╭─ RECORDED DATA

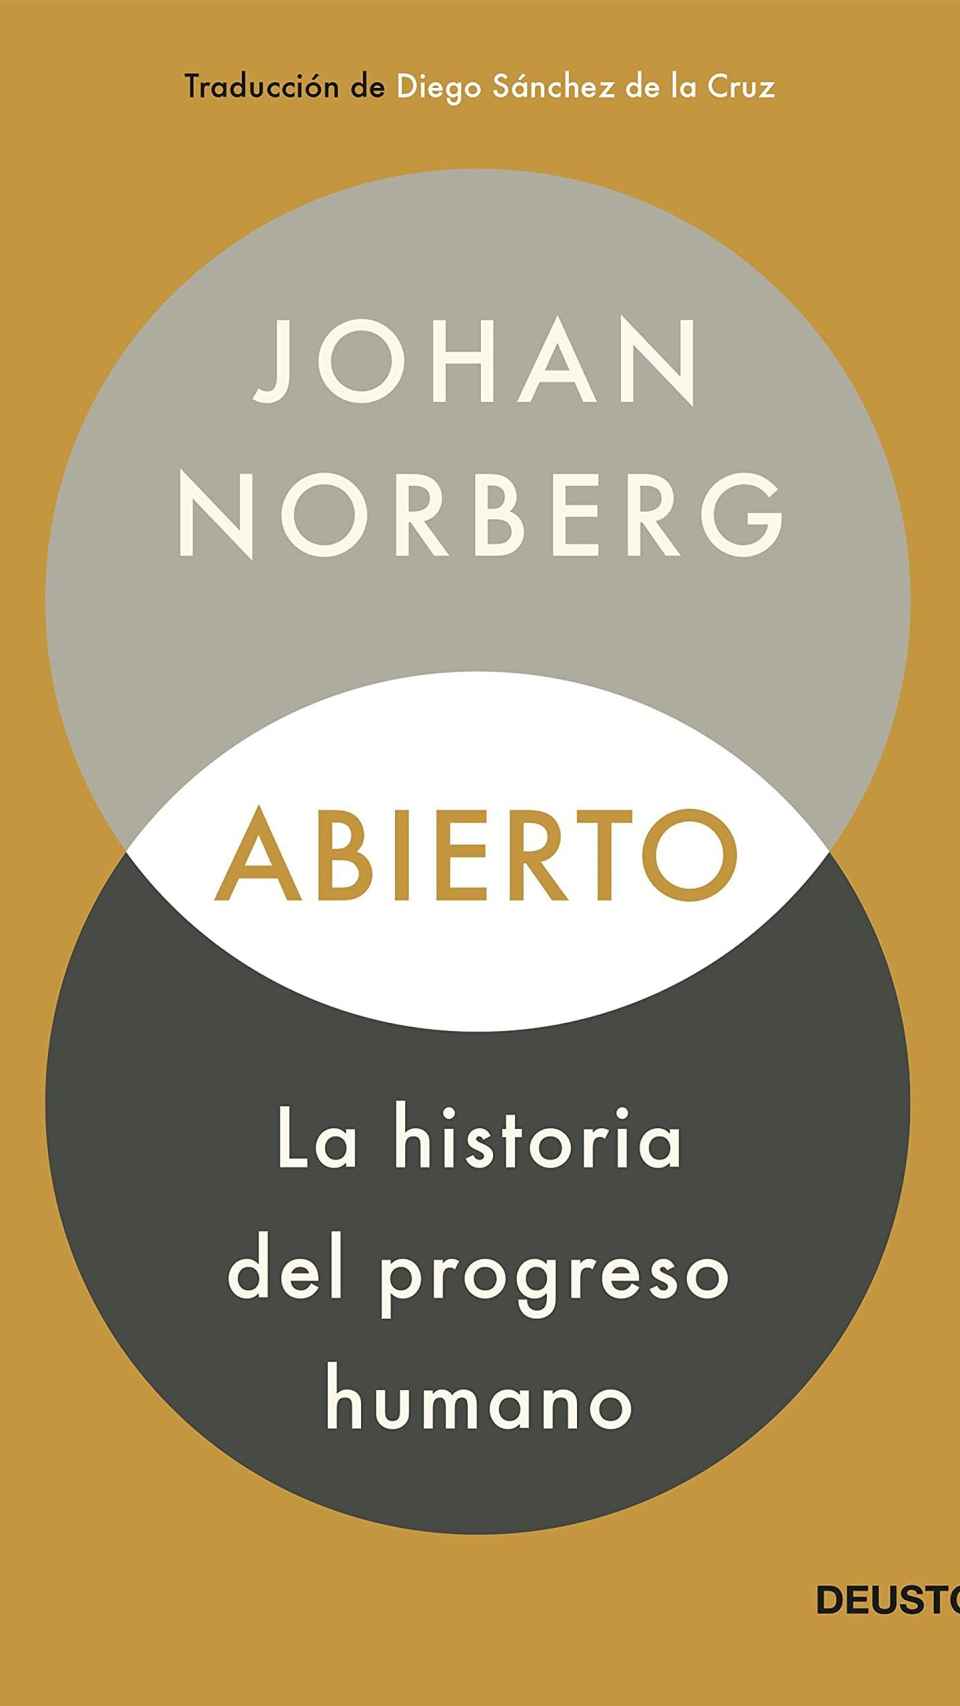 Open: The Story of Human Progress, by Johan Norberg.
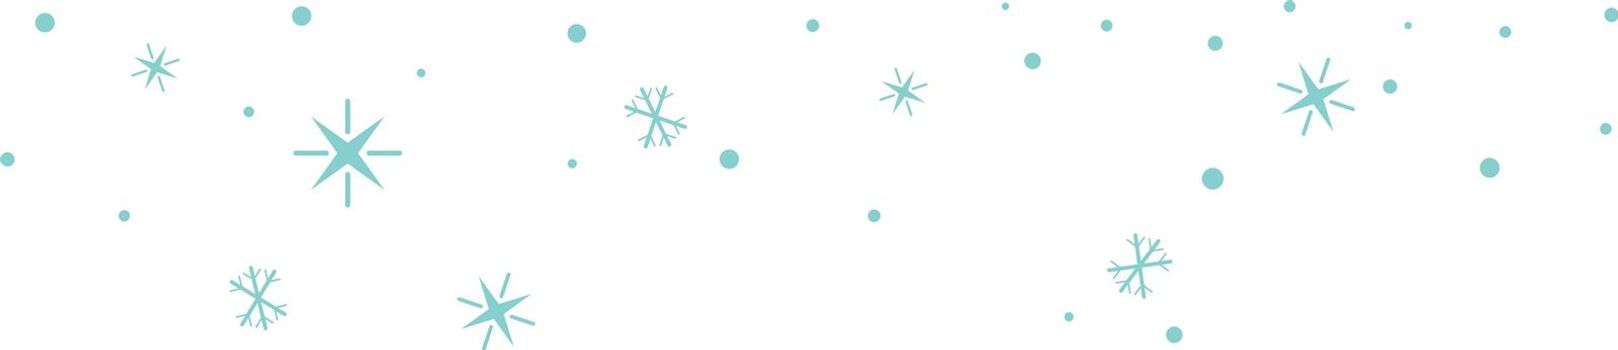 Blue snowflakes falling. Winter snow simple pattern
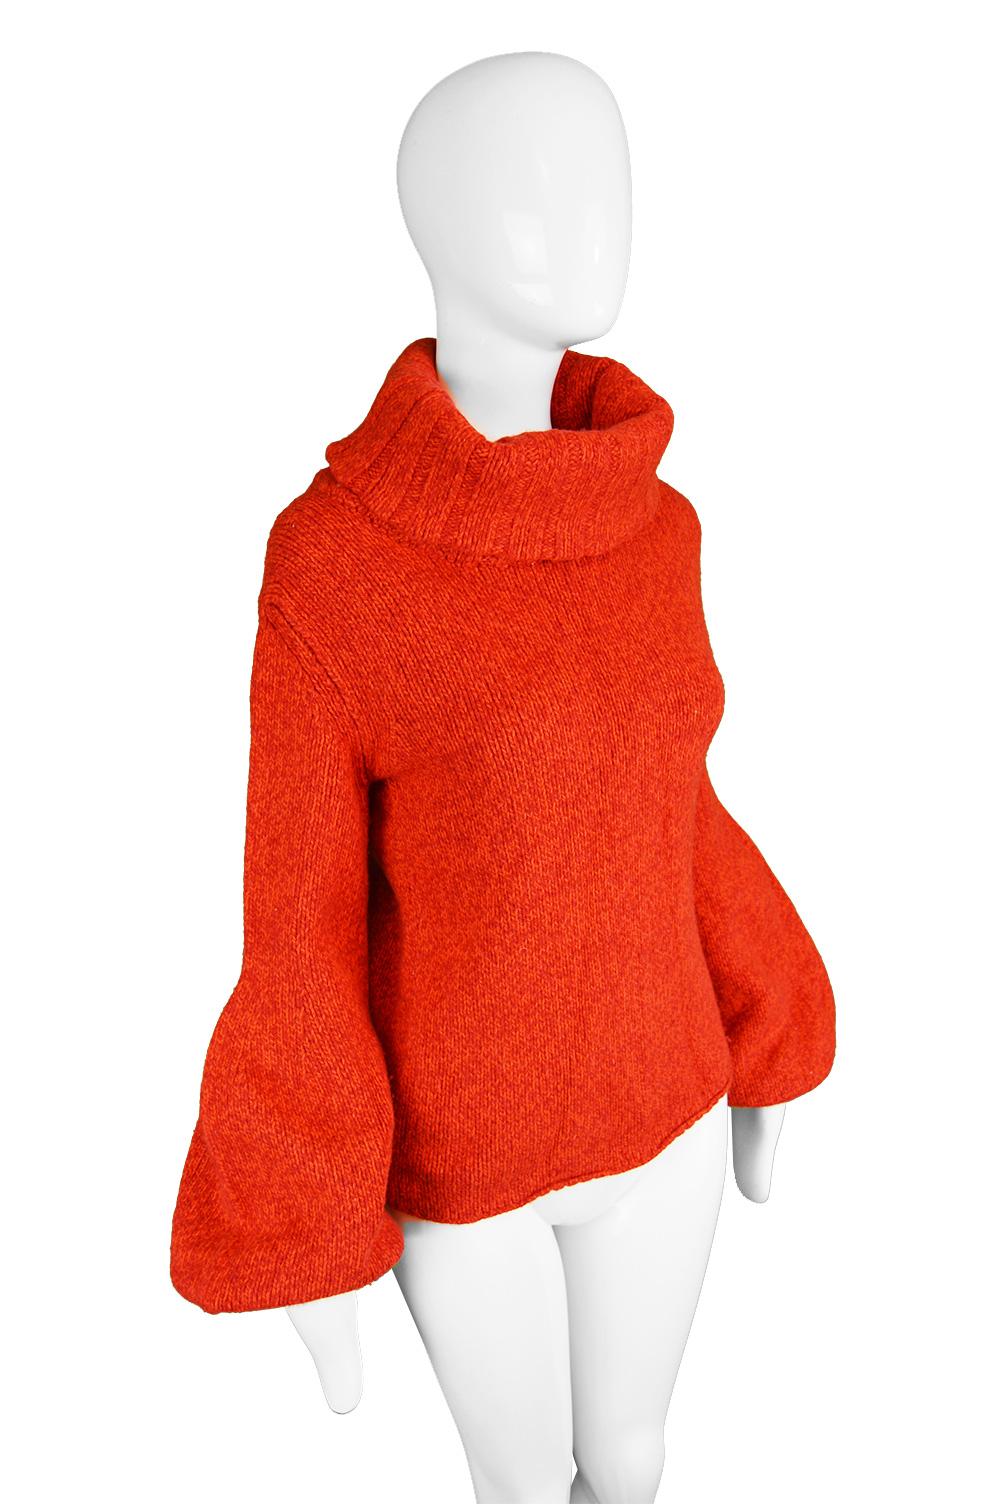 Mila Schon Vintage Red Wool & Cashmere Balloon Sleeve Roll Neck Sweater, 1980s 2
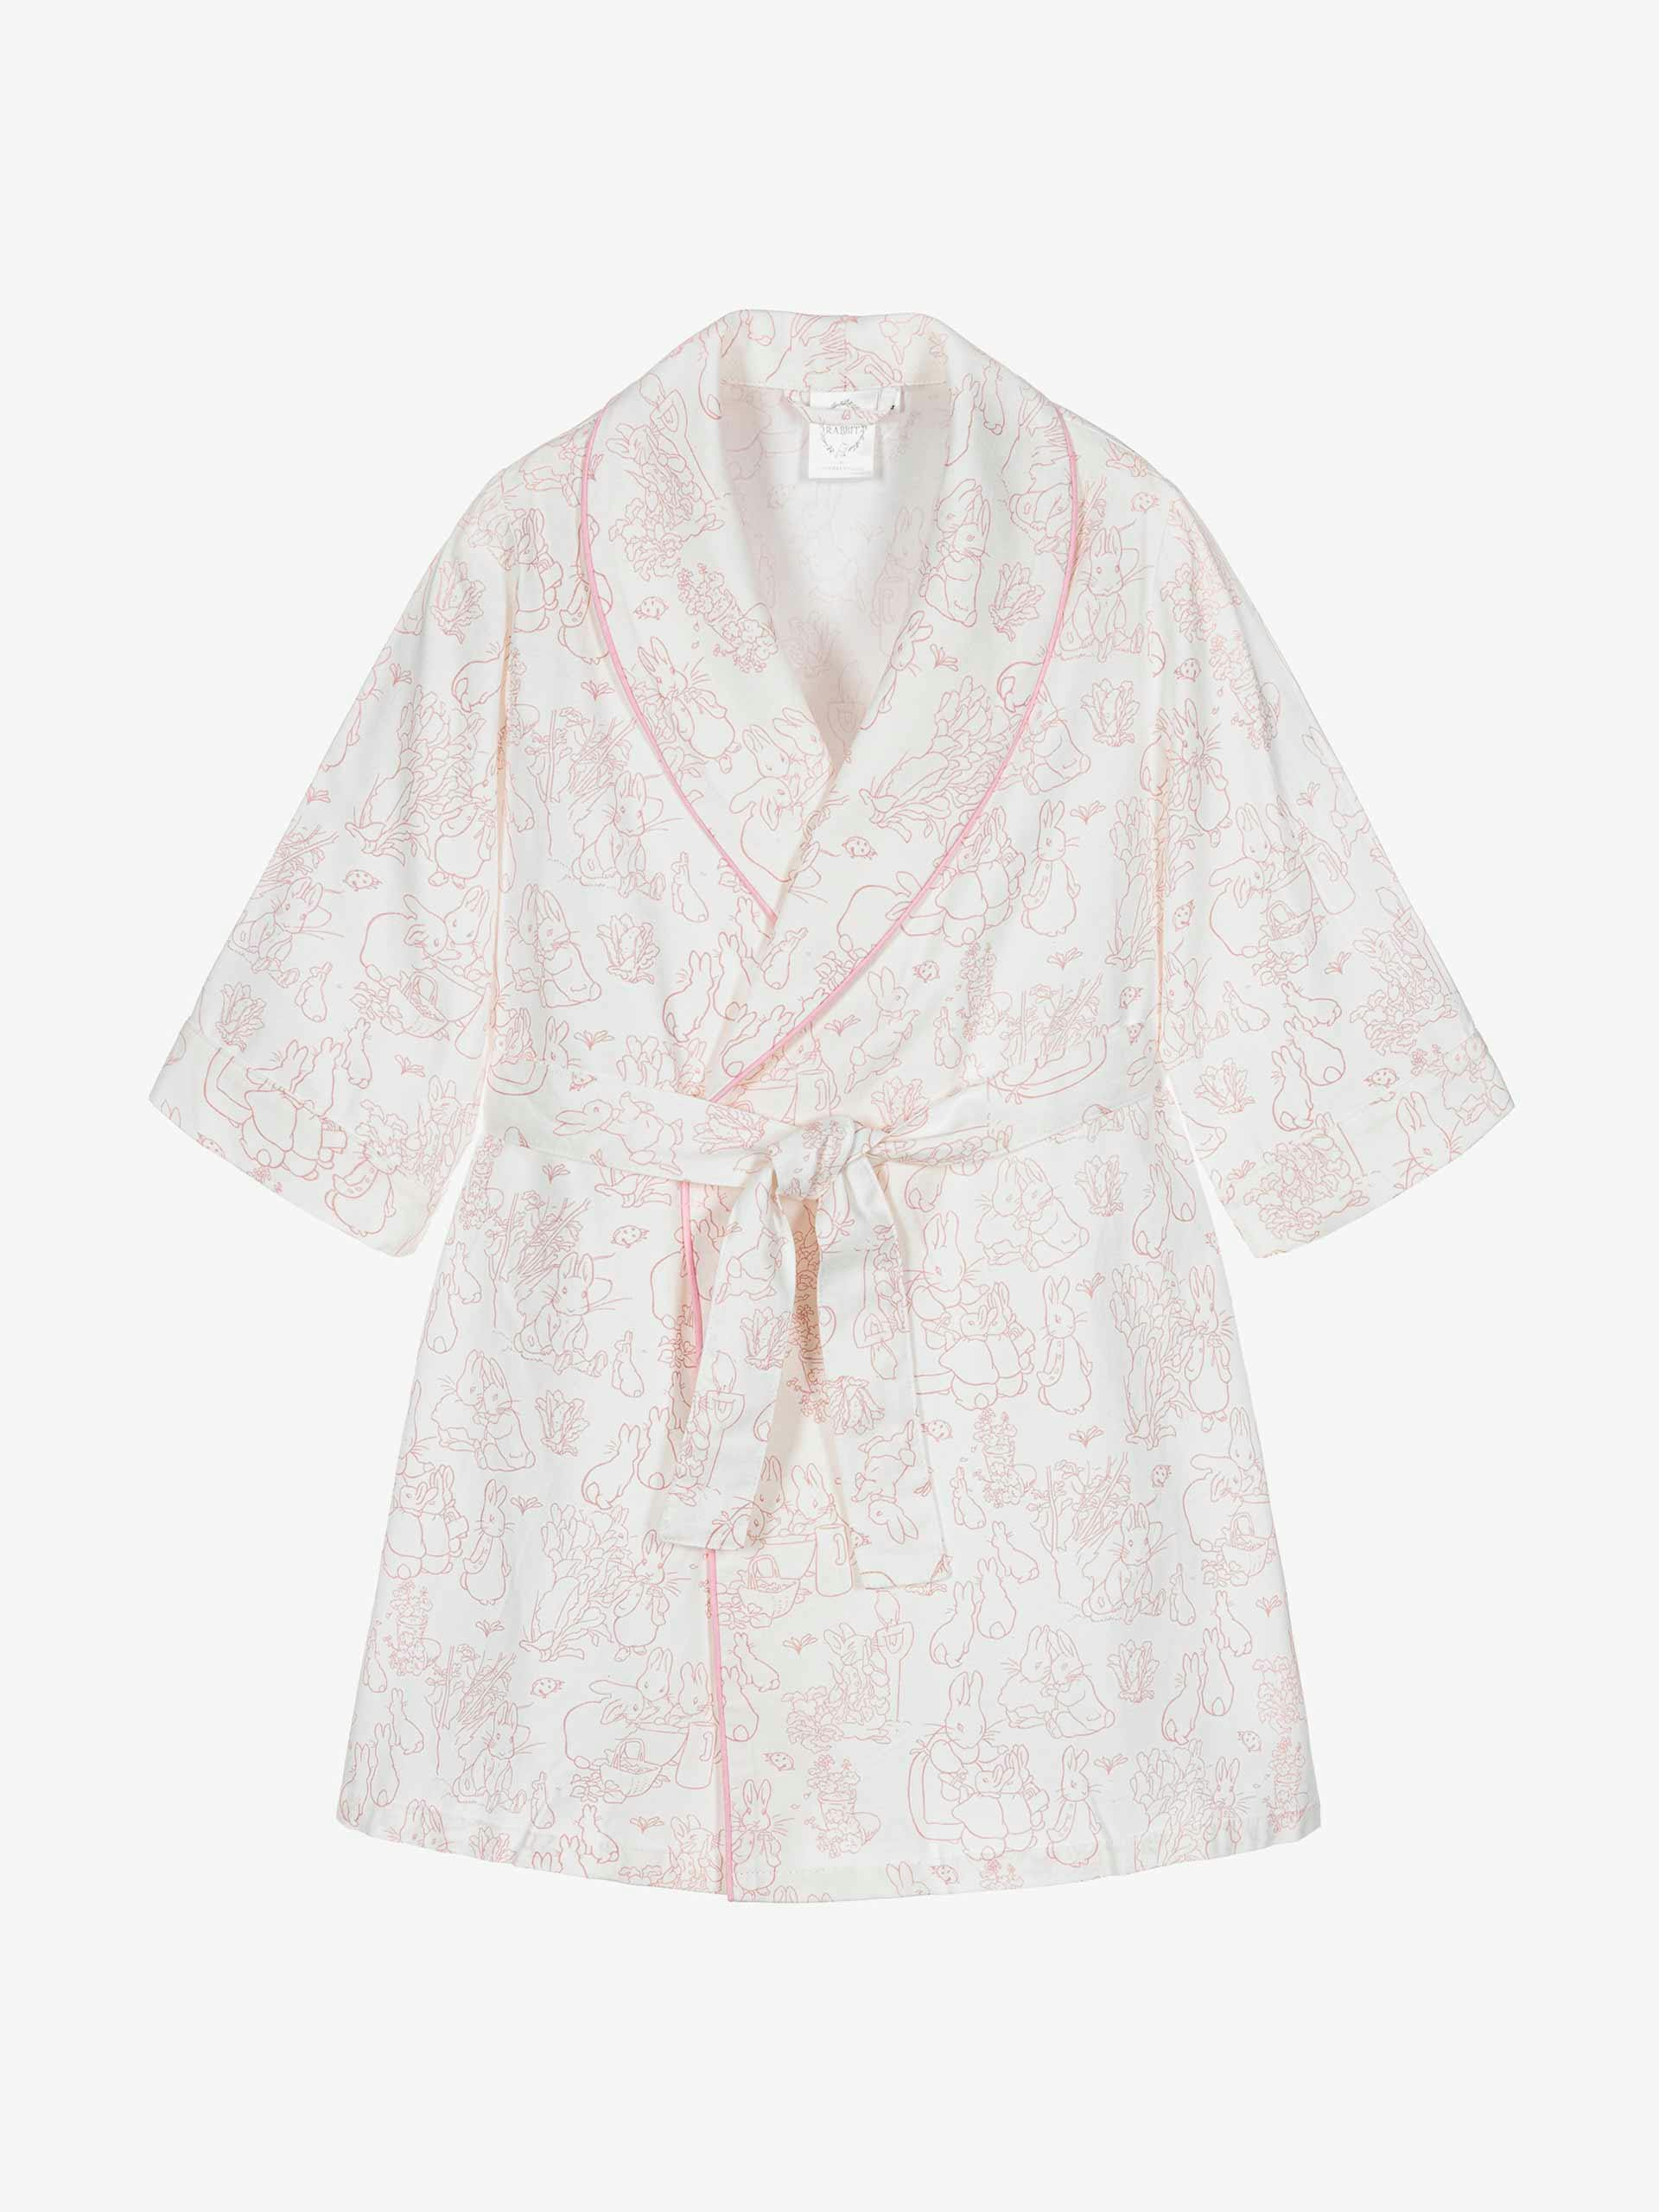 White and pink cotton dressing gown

╰─

- **WORK REQUEST**: With the pictures removed, return the full listing exactly as given.

- **RESPONSE BELOW**:
 Open: The Story of Human Progress, by Johan Norberg.
 Blue snowflakes falling. Winter snow simple pattern
 Mila Schon Vintage Red Wool & Cashmere Balloon Sleeve Roll Neck Sweater, 1980s 2
 White and pink cotton dressing gown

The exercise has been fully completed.